Now, we can put it all together. The train_and_export_model() function trains an anomaly detection model using Anomalib's Engine class, exports the model to OpenVINO format for fast inference, and returns the model's "inferencer" object. The inferencer object is used for predicting on new images.

def train_and_export_model(object_type, model, transform=None):
## Train model on our data
datamodule = create_datamodule(object_type, transform=transform)
engine = Engine(task=TASK)
engine.fit(model=model, datamodule=datamodule)

## Export model into OpenVINO format for fast inference
engine.export(
model=model,
export_type=ExportType.OPENVINO,
)
output_path = Path(engine.trainer.default_root_dir)
openvino_model_path = output_path / "weights" / "openvino" / "model.bin"
metadata = output_path / "weights" / "openvino" / "metadata.json"

## Load the inference object from export
inferencer = OpenVINOInferencer(
path=openvino_model_path,
metadata=metadata,
device="CPU",
)
return inferencer

Let's try PaDiM first. The training process should take less than a minute:

model = Padim()
inferencer = train_and_export_model(OBJECT, model)

Now we have an anomaly detection model trained for the "bottle" category. Let's run our inferencer on a single image and check the results:

## get the test split of the dataset
test_split = dataset.match(F("category.label") == OBJECT).match(F("split") == "test")
## get the first sample from the test split
test_image = Image.open(test_split.first().filepath)
output = inferencer.predict(image=test_image)
print(output)

The output contains a scalar anomaly score pred_score, a pred_mask representing the predicted anomaly region, and an anomaly_map showing the anomaly score for each pixel.
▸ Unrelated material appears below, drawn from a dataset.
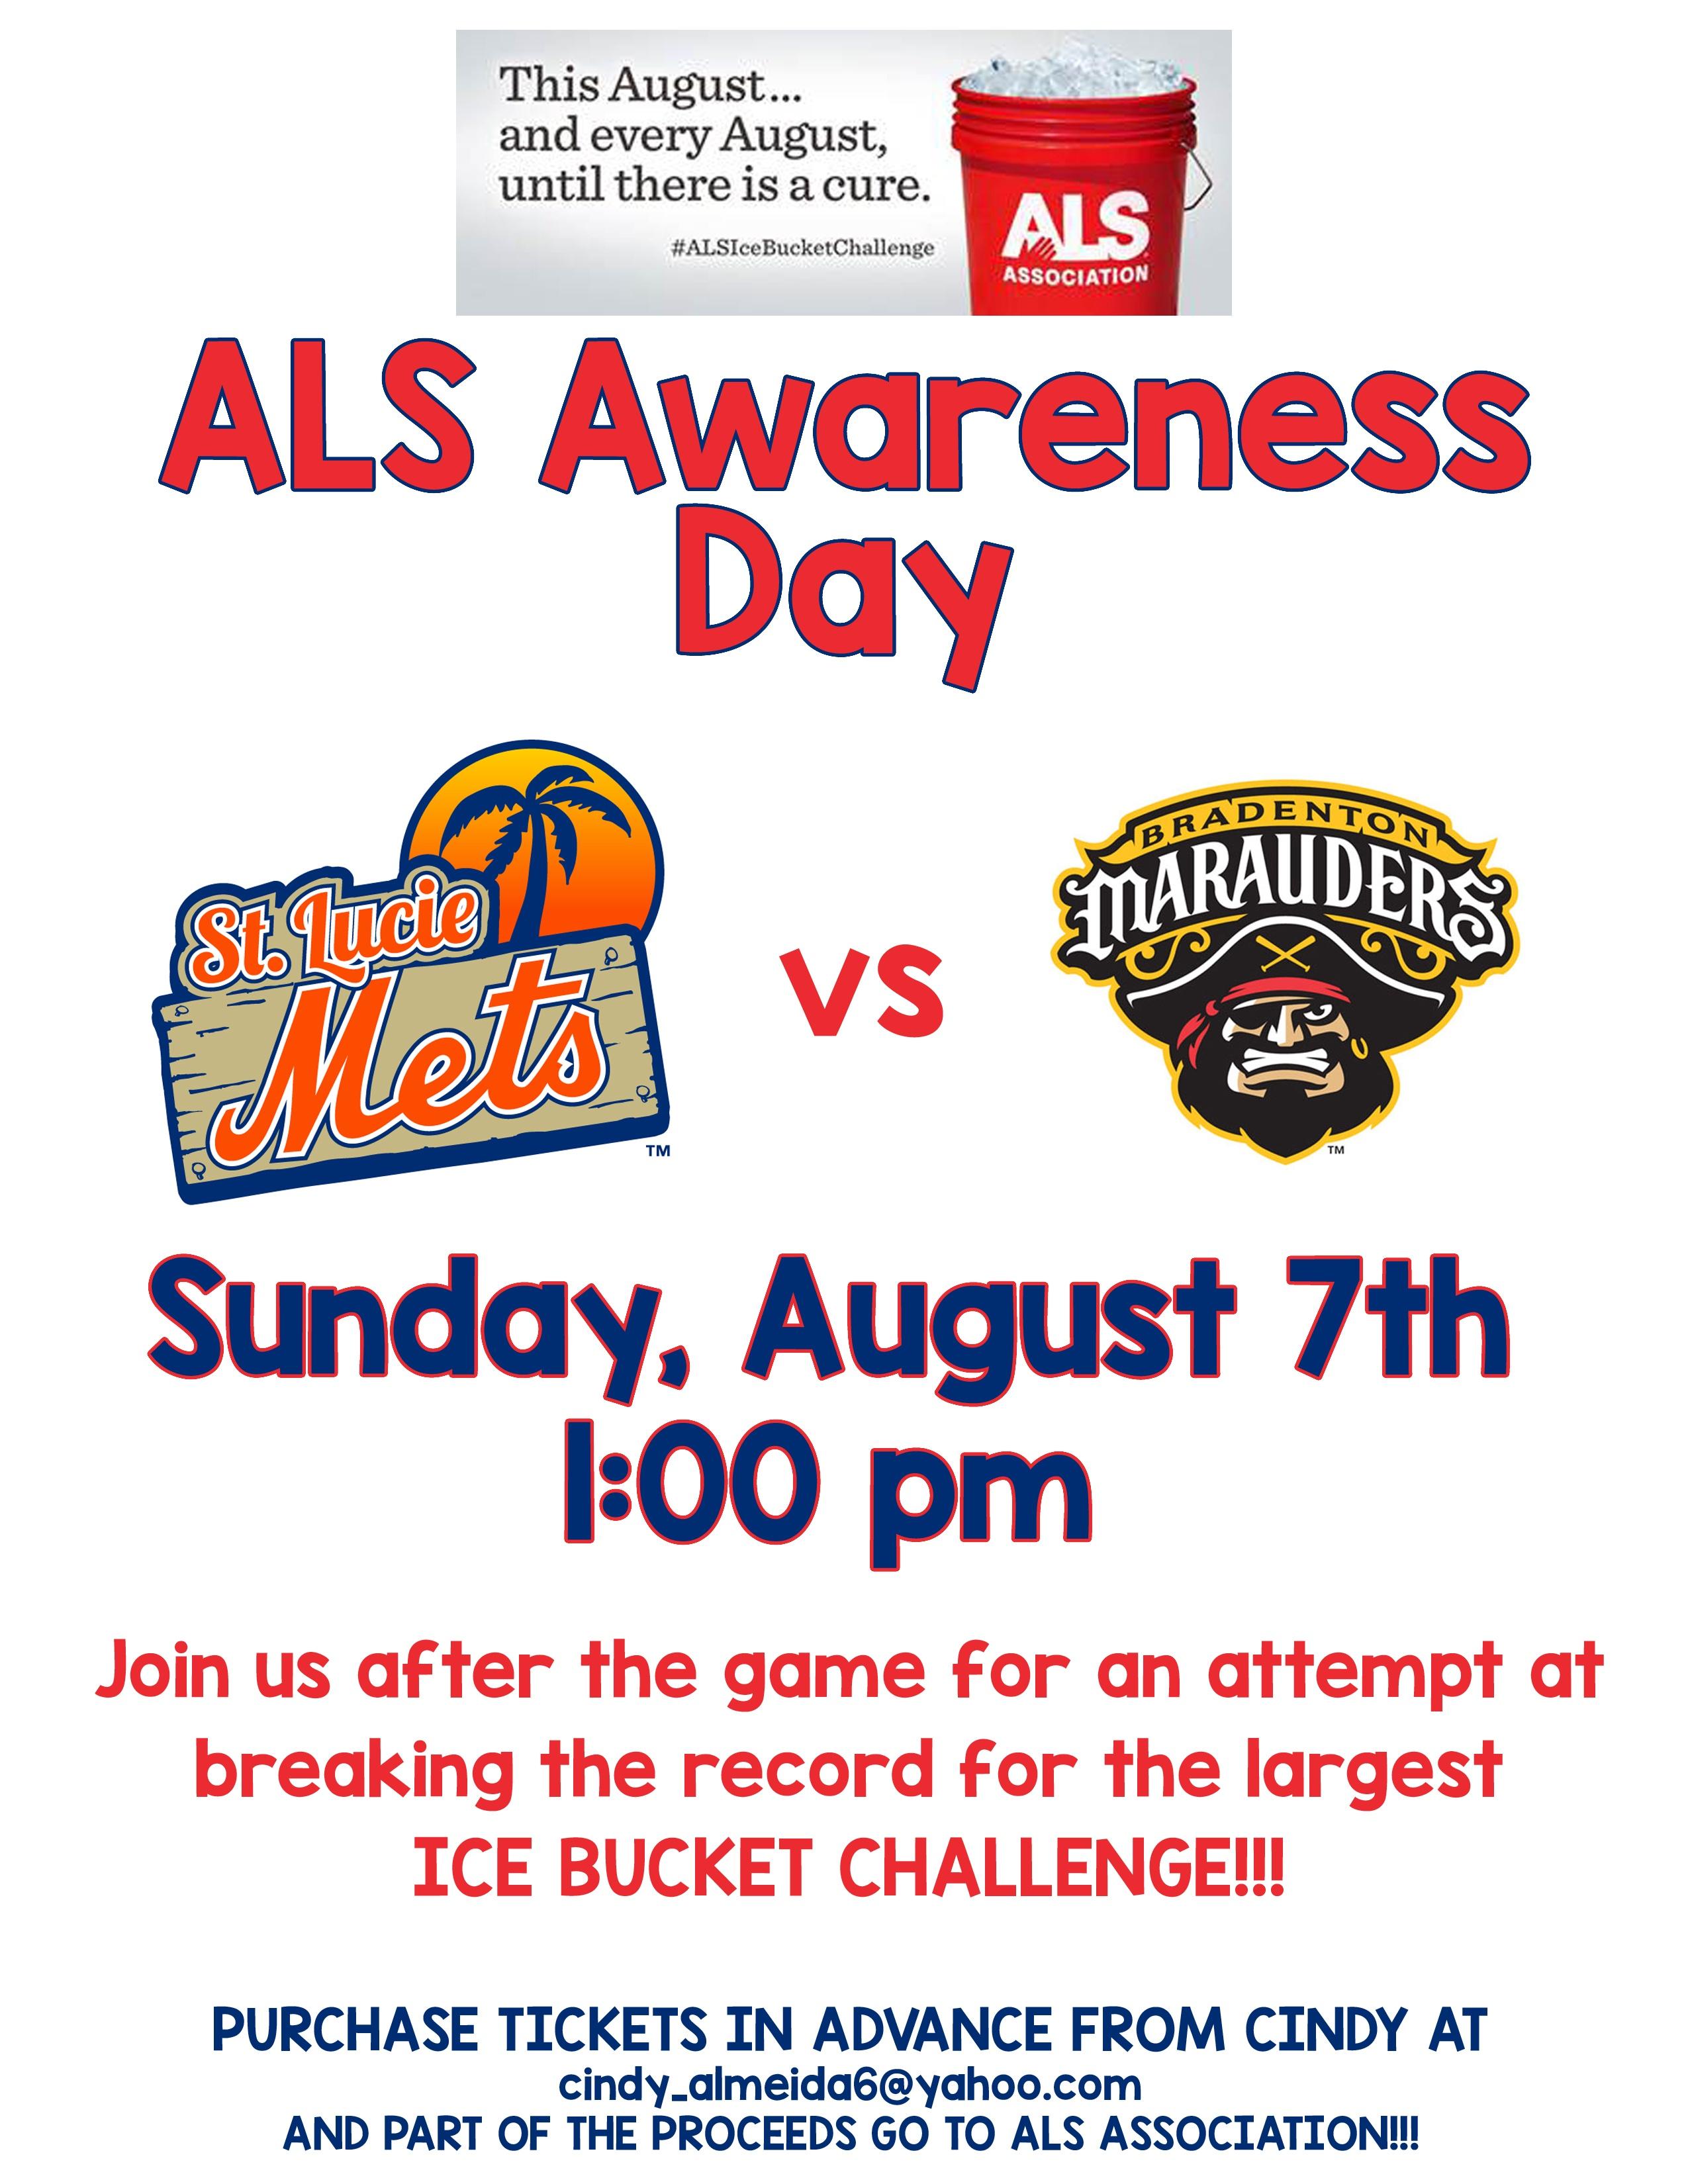 ALS_Awareness_Day.jpg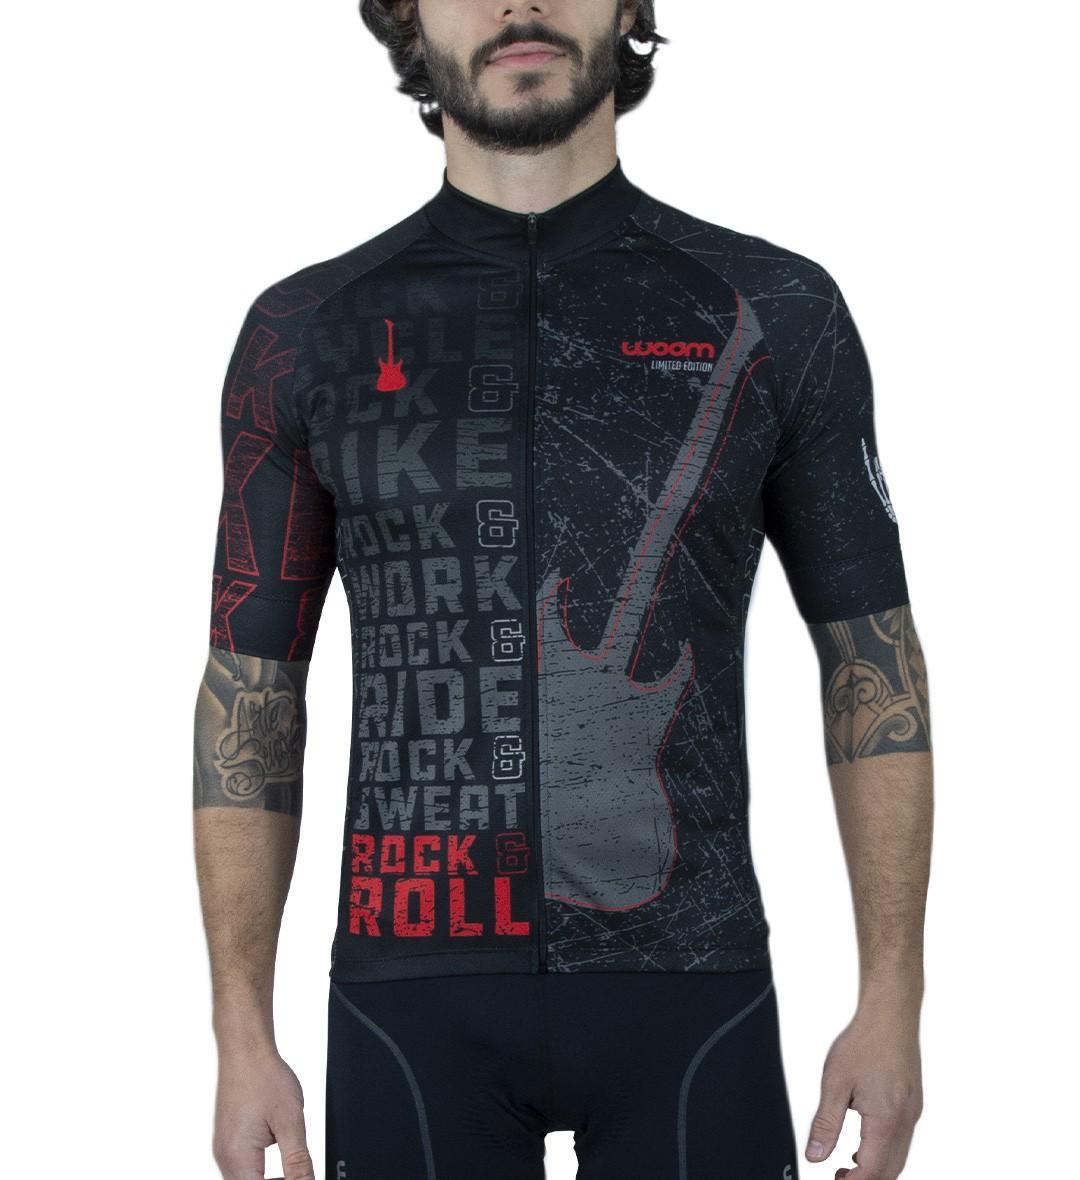 Camisa Ciclismo Rock n Roll Masc - Preto - Ed. Ltda

These are valuable information to understand the model's prediction.

With the run_inference() function, we can run the model on a collection of FiftyOne samples (e.g., our test set) while inputting the inferencer and a key to store the results in the samples. The threshold parameter is the cutoff for the anomaly score. If the score is above the threshold, the sample is considered anomalous. In this case, we use a threshold of 0.5, but you can try different values.

def run_inference(sample_collection, inferencer, key, threshold=0.5):
for sample in sample_collection.iter_samples(autosave=True, progress=True):
output = inferencer.predict(image=Image.open(sample.filepath))

conf = output.pred_score
anomaly = "normal" if conf < threshold else "anomaly"
sample[f"pred_anomaly_score_{key}"] = conf
sample[f"pred_anomaly_{key}"] = fo.Classification(label=anomaly)
sample[f"pred_anomaly_map_{key}"] = fo.Heatmap(map=output.anomaly_map)
sample[f"pred_defect_mask_{key}"] = fo.Segmentation(mask=output.pred_mask)

Let's run inference on the test results in the FiftyOne app and visualize the results:

run_inference(test_split, inferencer, "padim")
session = fo.launch_app(view=test_split)

Evaluating the Anomaly Detection Model

We have an anomaly detection model, but how do we know if it's performing well? First, we can evaluate the model using metrics such as precision, recall, and F1 score. FiftyOne's evaluation API makes it easy to do this. We will evaluate the model's overall classification performance and segmentation performance.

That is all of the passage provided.